Виктор деланно зевнул, встал и, осторожно ступая между спящими на полу, обогнув большую, подвешенную к потолку зыбку, подошел к столу. Черноок продолжал смотреть на него, теперь уже немножко скосив глаза, отчего стали видны белки и взгляд приобрел звероватость.

«Ишь, бизон, — с неприязнью подумал Виктор. — Того и гляди, подденет».

Капитан и вправду чем-то напоминал бизона: шея короткая, здоровенный, плечистый, на лоб свешивается жесткая косая челка, в черноте которой — даже сейчас видно — поблескивают седые нити. Он молча шевельнул всем своим большим телом, подвинулся, приглашая Виктора сесть.

Места на широкой лавке было много, и Виктор сел поодаль от капитана, начал шарить кисет. Бросив его на стол, полез за бумагой в карман гимнастерки и, нащупав там небольшой сверток, тяжело вздохнул:

— Эх, будь ты тройты…

Капитан повернул голову к нему и опять посмотрел в упор. Во взгляде его угадывался интерес, он, видно, хотел спросить, о чем Виктор вздыхает. И, поняв этот немой вопрос, Виктор пояснил:

— Братцева убило сегодня, связного. Домой вот написать надо.

Он достал из кармана сверток, обернутый в тонкую коричневую медицинскую клеенку, развернул его. На стол легли красноармейская книжка, небольшая, по размеру книжки, фотография и два письма в согнутых пополам конвертах.

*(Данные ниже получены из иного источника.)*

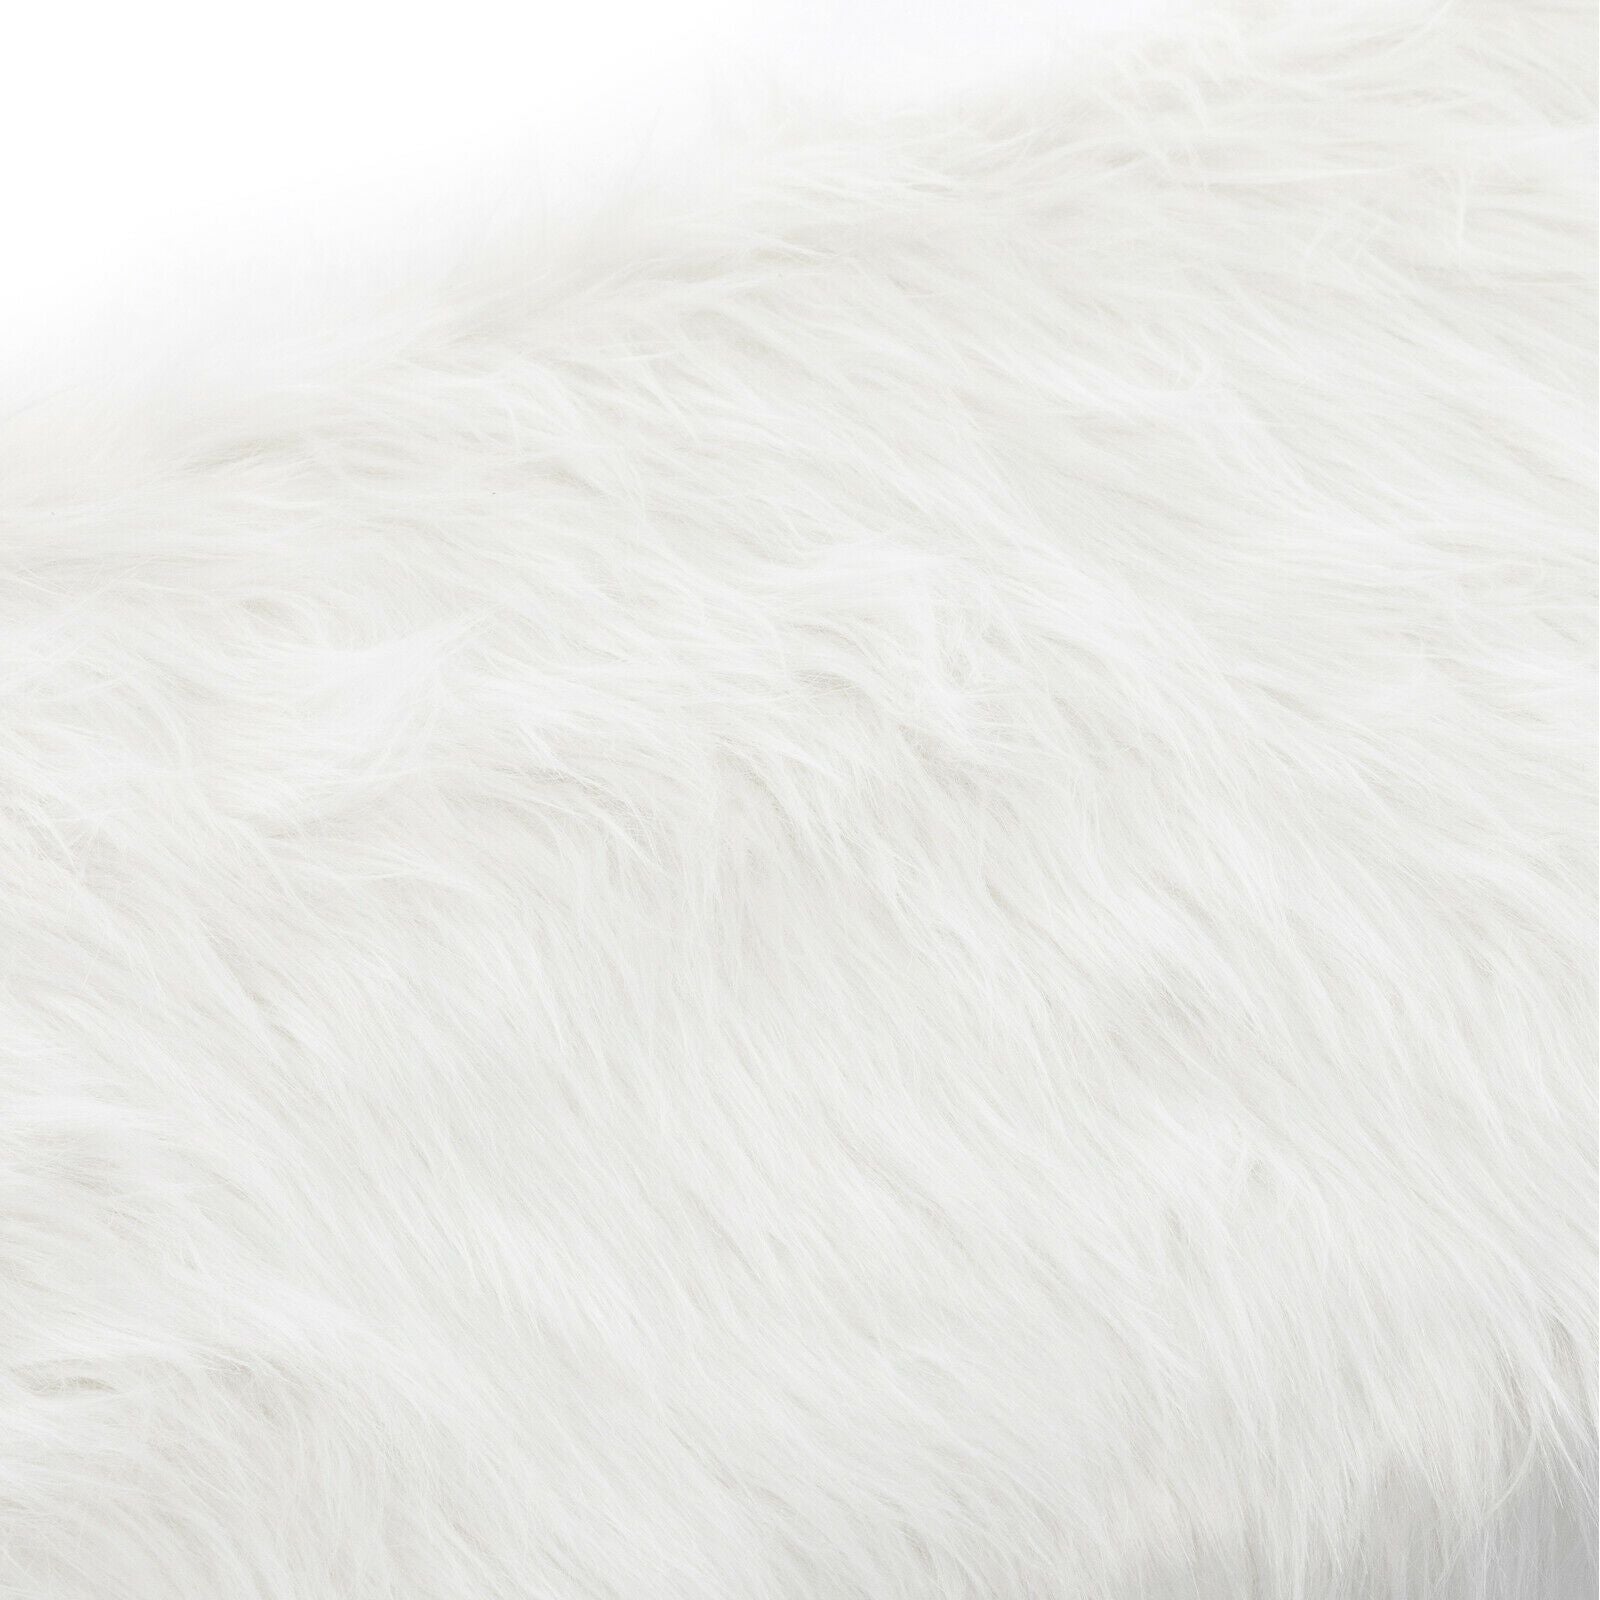 Luxurious Rolling Faux Fur Fuzzy Desk Chair - Westfield Retailers
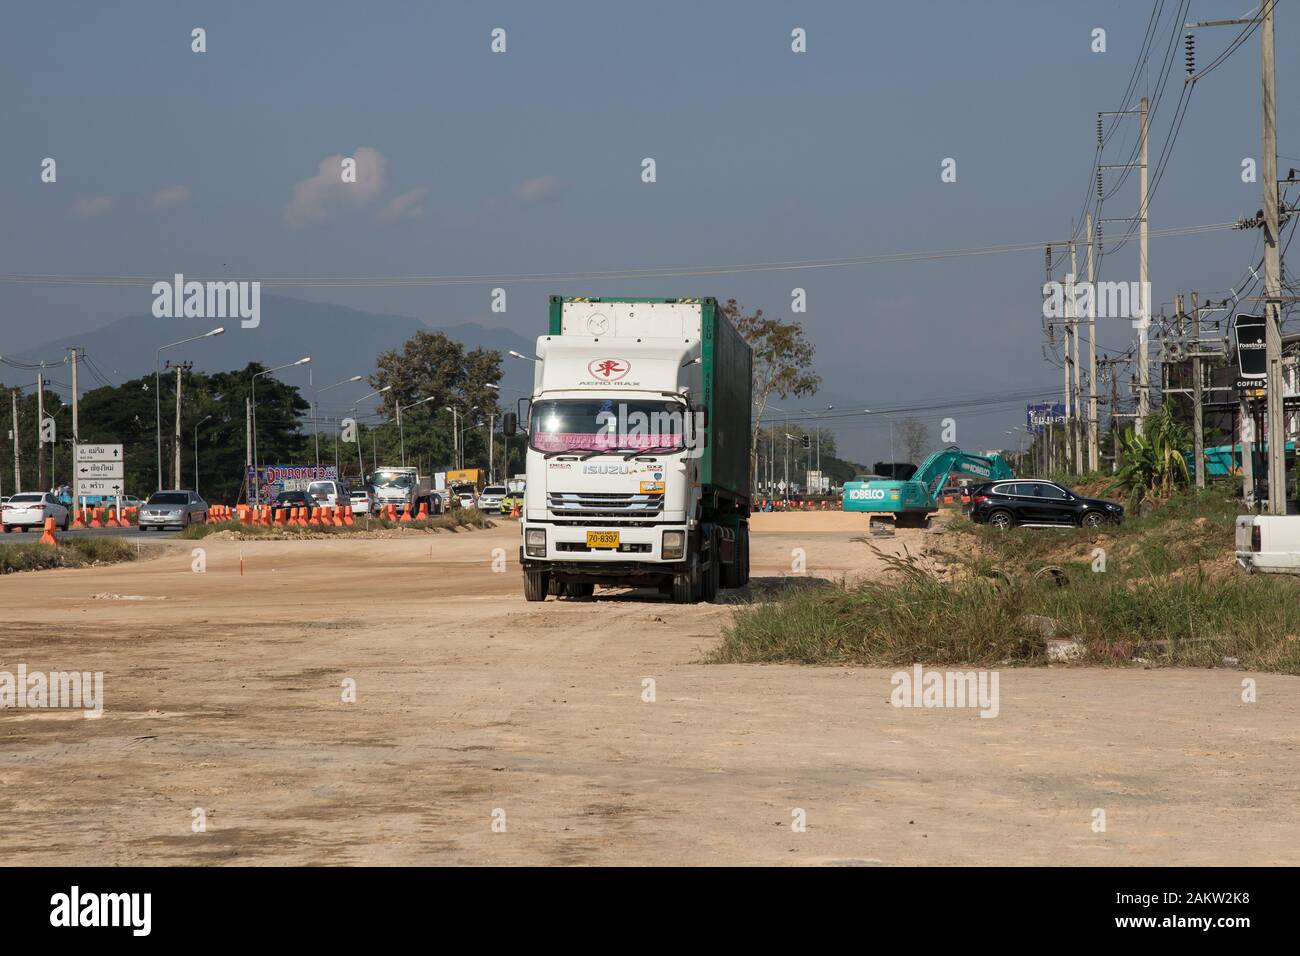 Chiang Mai, Thaïlande - 7 janvier 2020 : Conteneurs de camion remorque logistique internationale forte. Photo road no.1001 à environ 8 km du centre-ville Banque D'Images

Еще раз вздохнув, он повертел красноармейскую книжку, раскрыл ее. «Братцев… Федор… Семенович… 1910…» Все это сейчас ни к чему. Сейчас надо написать о том, что Братцева больше нет. Положив книжку, он взял фотографию. Еще не взглянув — узнал, несколько дней назад Братцев показывал ее, тогда еще совсем новенькую. Всего несколько дней прошло, а фотография уже не выглядит новой. Уголок оборван и потускнела. А может, это от света? Свет здесь плохонький…

На фотографии женщина в платочке. Большие руки она положила на худенькие плечи стоящих по бокам белобрысых девчонок. А на коленях у нее мальчишка, совсем еще маленький. Все четверо испуганно жмутся друг к другу и по-деревенски прямо смотрят с фотографии. Жена и дети. Семейный портрет. Продукция какого-то залетного фотографа.

Капитан завозился, придвинулся к Виктору, наклонился, норовя получше рассмотреть фотографию. Виктор протянул маленький глянцевитый листок:

— На днях получил Братцев. Трое сирот вот осталось. Черноок взял фотографию толстыми пальцами, осторожно пододвинул ее к коптилке. С минуту смотрел на нее и вдруг страшно скрипнул зубами. В груди у него что-то уркнуло, глаза стали совсем дикие.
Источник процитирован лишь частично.